Сильвио стучал молотком. Ольвин и Касьо перекидывали тоненькую Марианну из рук в руки как игрушку, Изольда сидела на перевернутой корзине и хлопала громче всех. Я допел куплет и спросил у нее, кто эта маленькая синеглазая богиня в первом ряду.
— Даная Доминицци, — коротко ответила Изольда и уничтожающе усмехнулась.
Я был презираем. Я не знал, кто такая Даная Доминицци! Я восхищался ею просто так, слепо и глупо и вынужден был признать, что Господь Бог тоже гений в своем роде и тоже может, если захочет, создать совершенство, хотя бы и в образе женщины.
Ольвин устало сел рядом со мной, вытер пот с лица и глотнул из фляги.
— Ну и народу сегодня!
Я наклонился к его уху.
— Ольвин!
— Что?
— Я не могу молчать! Посмотри, какая девушка в первом ряду! Когда я на нее смотрю, меня тянет на подвиги! Да ты не туда глядишь! Вон же она…
Ольвин уже глядел куда надо.
— Замечательная девушка, — согласился он, — если хочешь, я тебя с ней познакомлю.
Такого ответа я не ожидал. Я думал, этот книжный сухарь хотя бы вытянет лицо от изумления и признает наконец, что кроме его сестры на земле есть и другие женщины, достойные внимания, с синими как озера глазами, с лебединой шеей, с тяжелыми черными косами…
— Ты ее знаешь?
— Да. Это дочь башмачника Доминицци. Хороша до безумия.

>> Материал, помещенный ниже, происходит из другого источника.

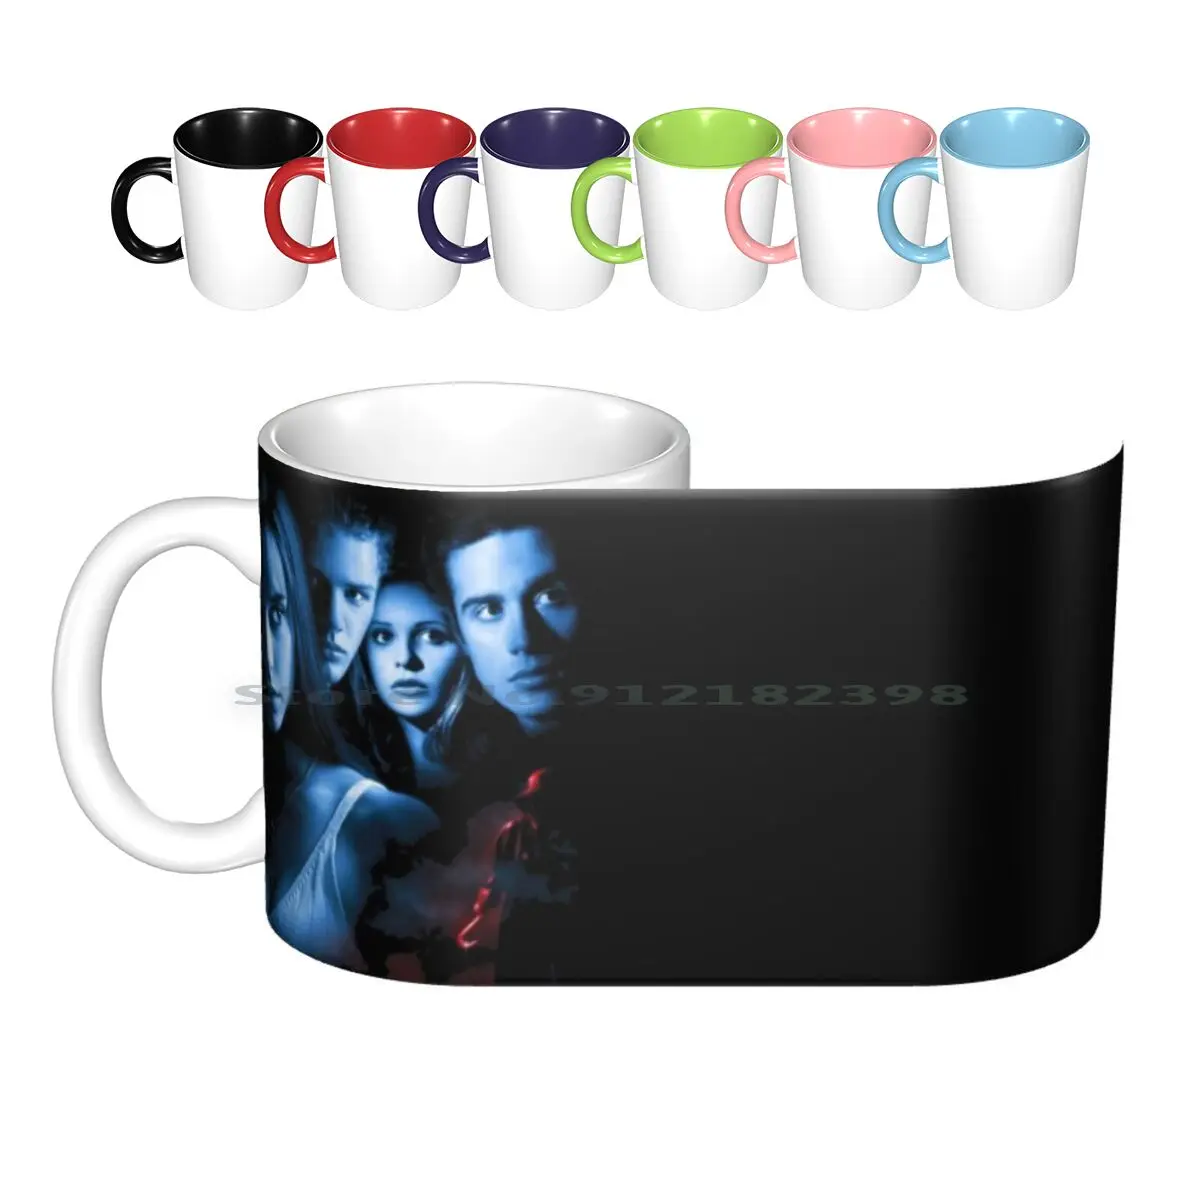 

I Know What You Did Last Summer Ceramic Mugs Coffee Cups Milk Tea Mug Know What You Did Last Summer Fisherman Hook Horror Scary

Герцогиня Алоиза приблизила ее к себе и осыпает милостями как родную дочь.
Только тут я заметил, что за спиной у нее стоят два холеных телохранителя, а отделка на платье слишком тонка для простой горожанки. В ней было что-то от принцессы и от служанки одновременно. Губы сложены капризно, подбородок надменно приподнят, а глаза добрые и кроткие.
— Познакомь, — сказал я.
Когда представление закончилось, Даная Доминицци уже исчезла. Публика разошлась, солнце покраснело и зацепилось за шпиль костела, оно медленно и лениво таяло как масло на сковородке. Снова хотелось жить. Долго и счастливо. Ярко. Необыкновенно. Так, как никогда не получалось, что бы я ни делал.
А потом пришли домой, я умылся теплой водой, наелся, напился, растянулся на кровати, и мне уже ничего не хотелось. Я был снова сытый домашний кот, всем довольный и ласковый, и сосновым лесом моя комната уже не пахла, она пахла сладкими пирожками и яблоками. И что это со мной случилось там, на площади?
— Энди, я сегодня видела отца, — шепотом сказала Нолли.
Я сел.
— Когда?
— Когда ходила к портнихе. Он выезжал от герцога. Очень злой. Опять что-то не поделили!
— Он тебя не узнал?
— Я спряталась за угол.
Вид у нее был совершенно несчастный, хоть она и бодрилась. Никогда она еще не казалась мне такой маленькой и беспомощной! И никогда я не давал себе труда подумать, что будет с ней дальше, с ней, а не со мной. Сегодня я уже изменил ей. В душе. Мне ничего не стоит изменить ей и на самом деле. Я не привык сдерживать свои желания, я слишком себя люблю, я порочен и развращен, хоть и пою о высоких чувствах. Это только слова, слова и музыка.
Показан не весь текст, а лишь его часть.